#### ACTIVITY:
Give again only the lines from the line that holds "費やすペン可塑性マヌカドクター 24Kゴールド&マヌカハニーアイオイル10ml 24k" to the end of the data, inclusive, omitting all pictures.

Segment Start: DATA EXTRACT

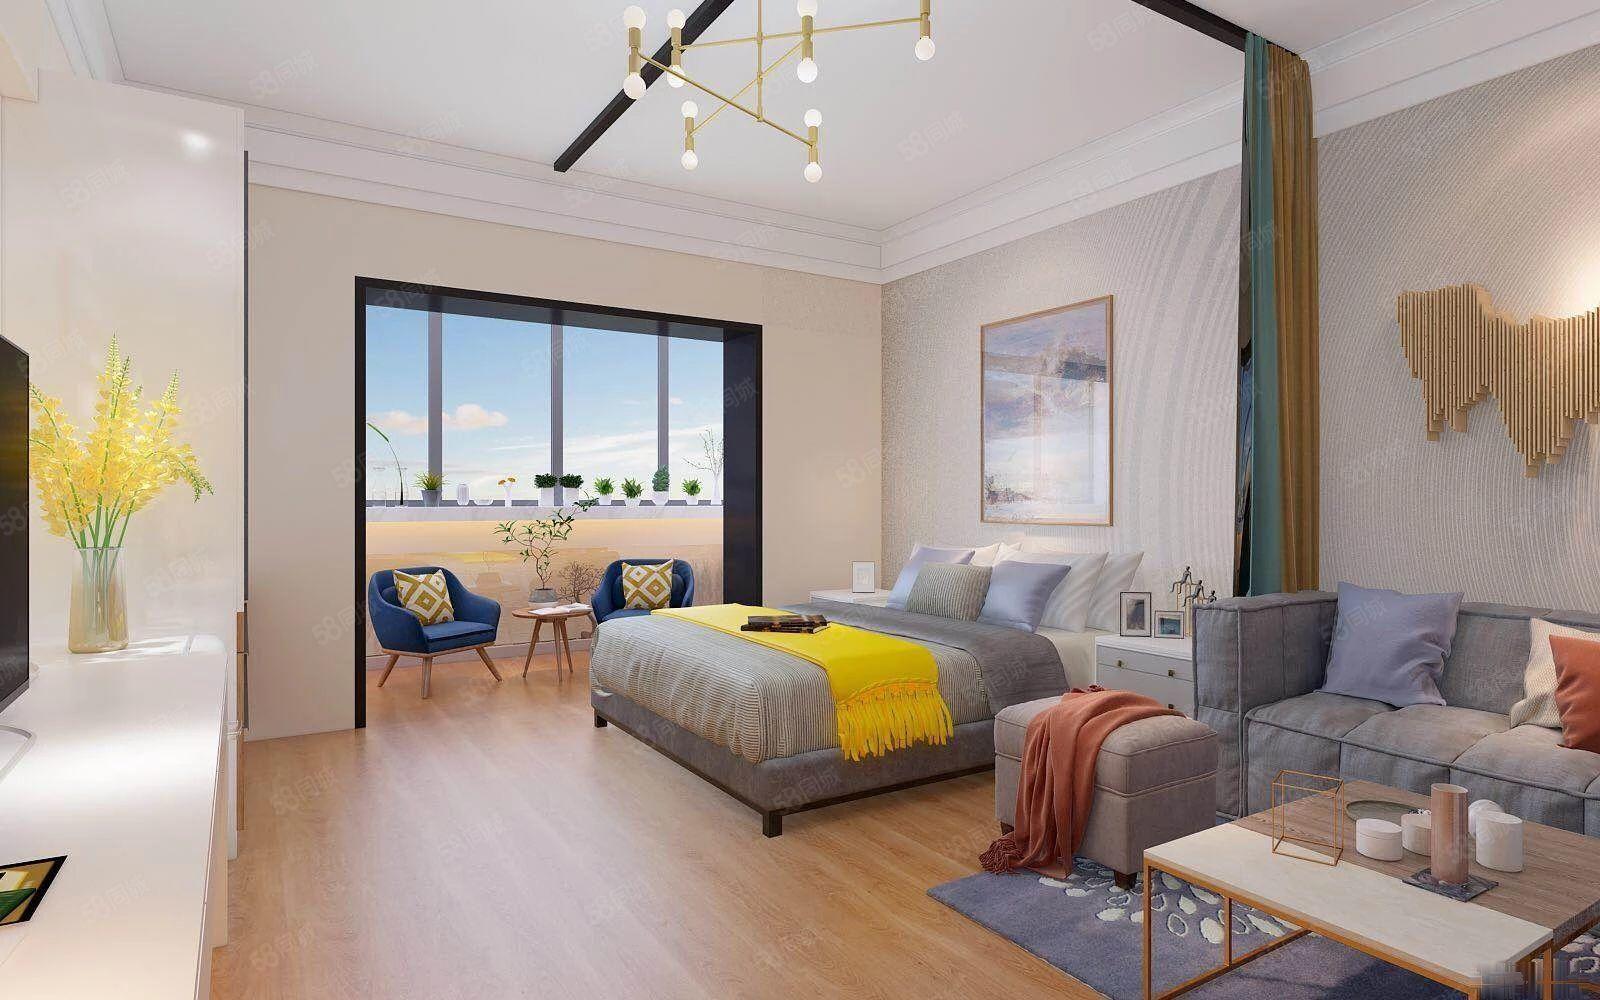 市中心新天地万达公寓火热开售数量不多包托管收益客观
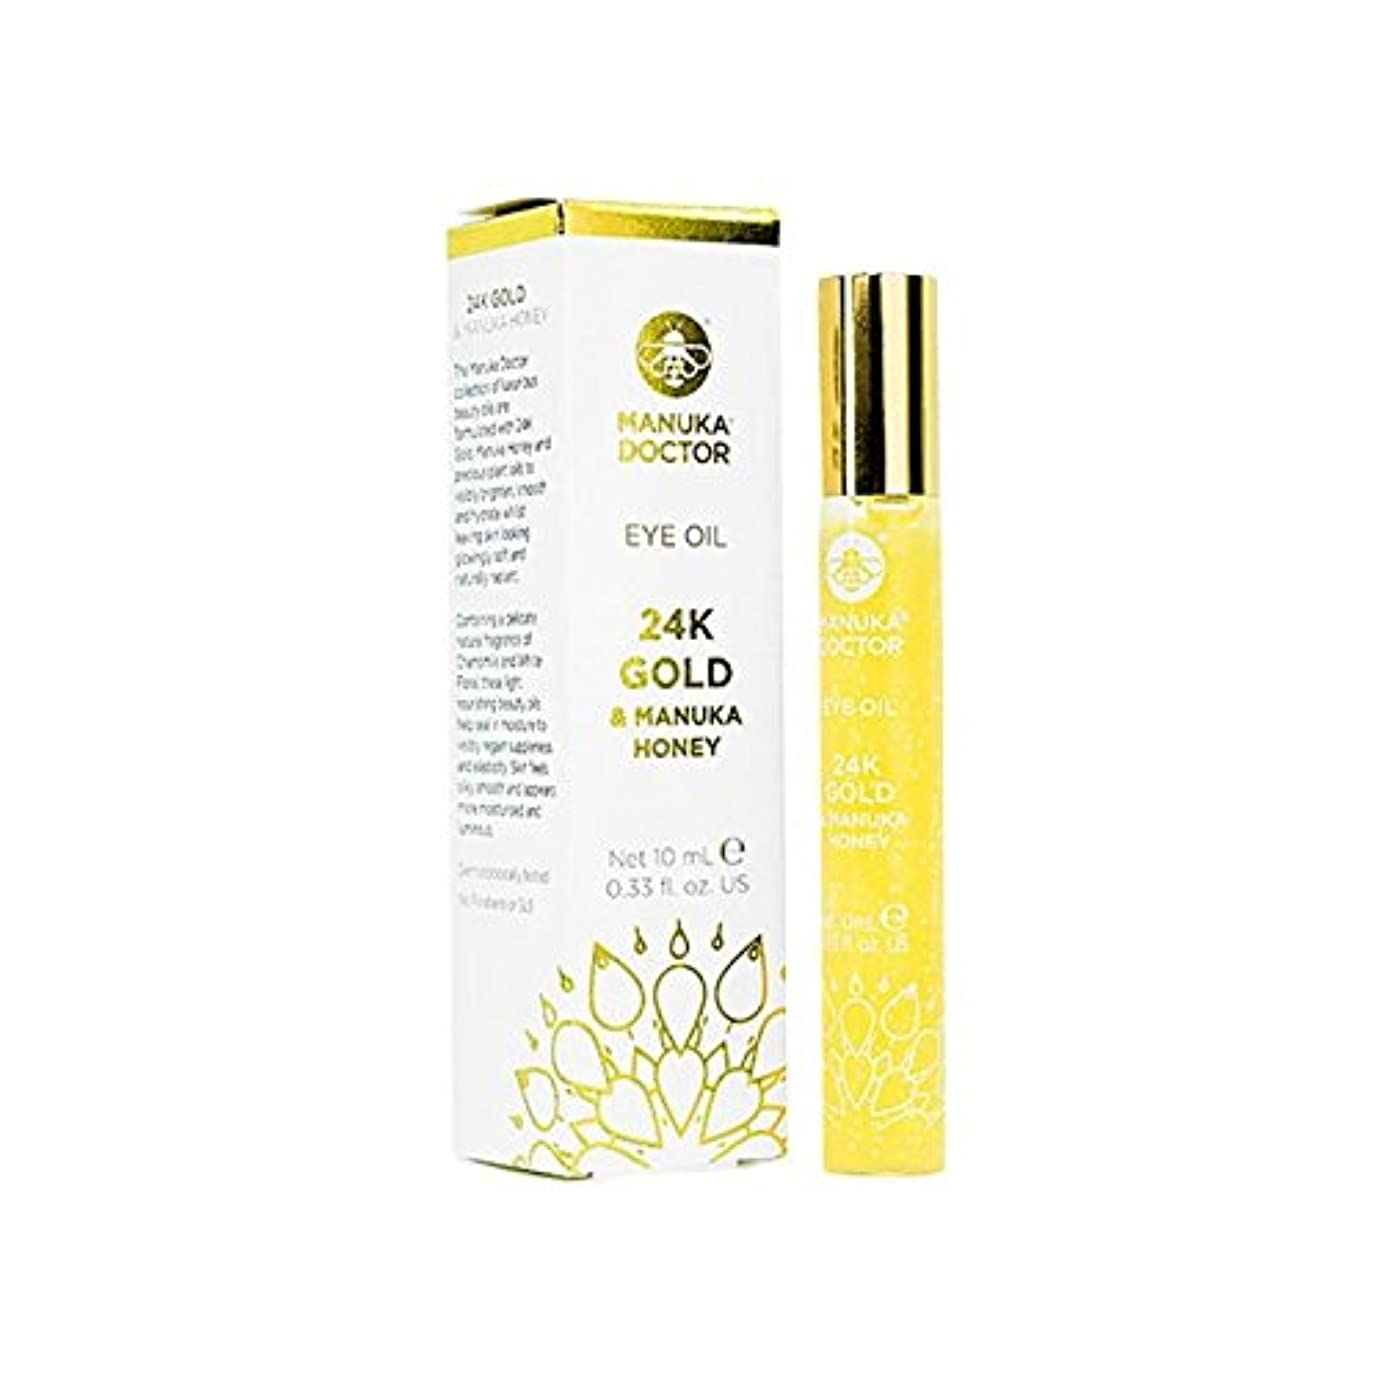 費やすペン可塑性マヌカドクター 24Kゴールド&マヌカハニーアイオイル10ml 24k Gold & Manuka Eye Oil
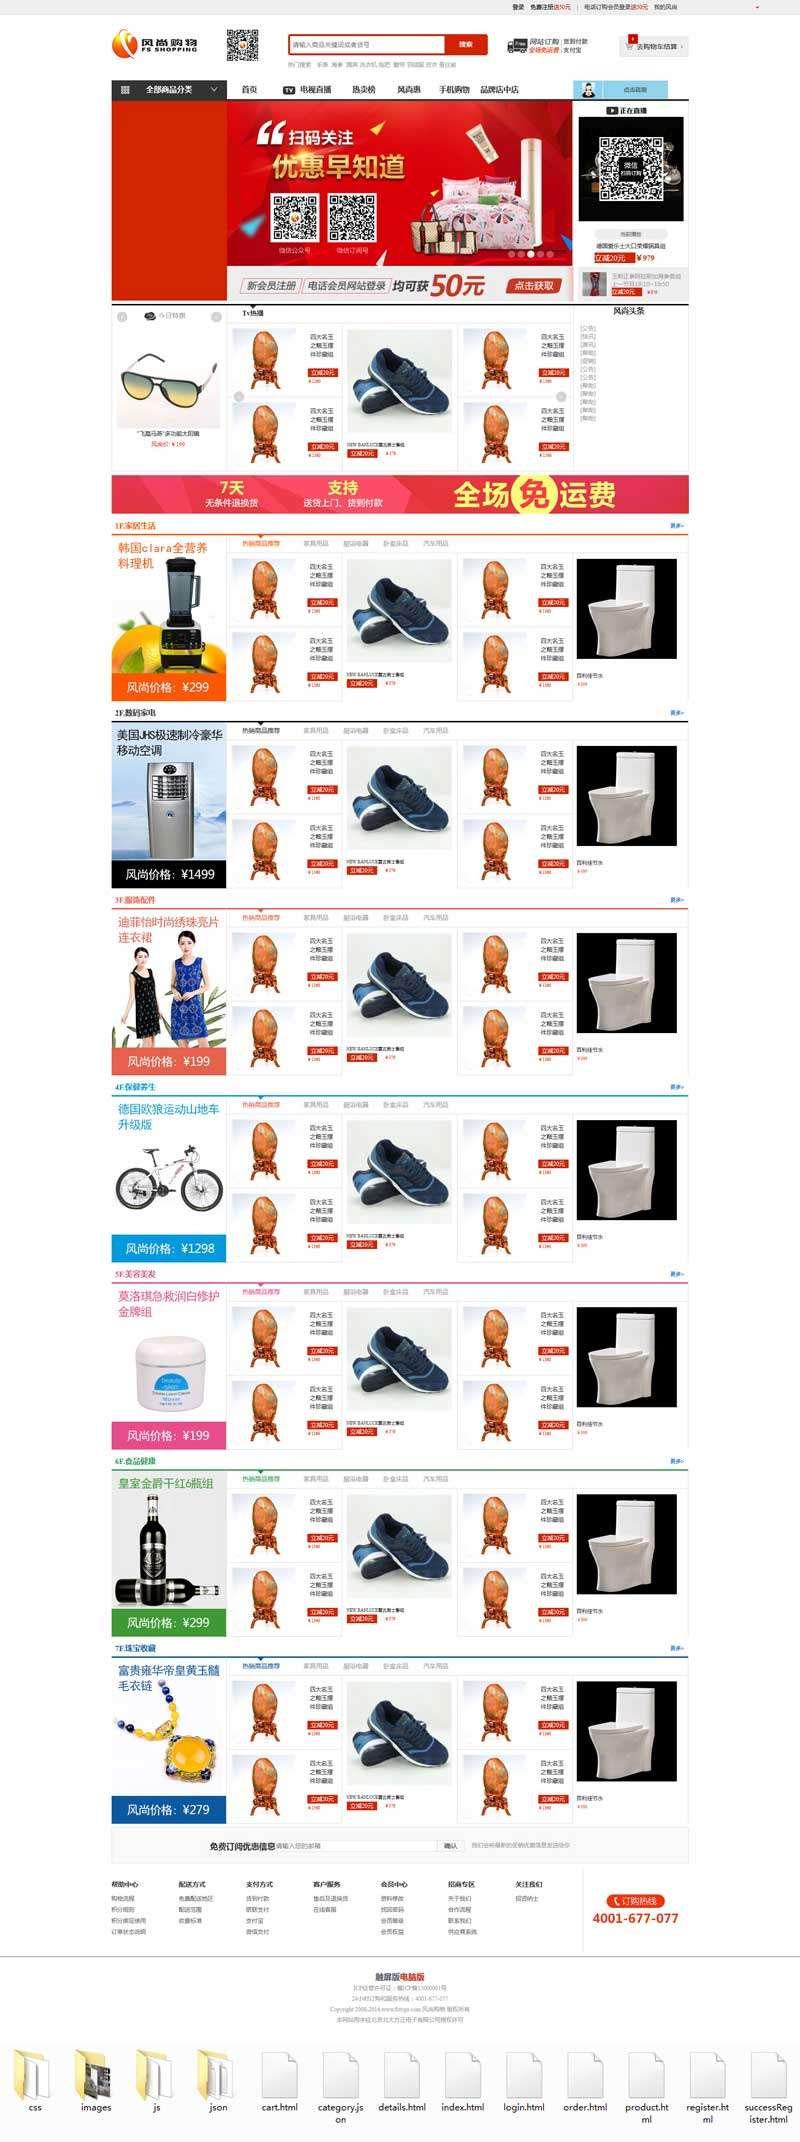 红色风格生活综合购物商城网站html模板

Segment End: DATA EXTRACT

#### SOLUTION:
 費やすペン可塑性マヌカドクター 24Kゴールド&マヌカハニーアイオイル10ml 24k Gold & Manuka Eye Oil
 红色风格生活综合购物商城网站html模板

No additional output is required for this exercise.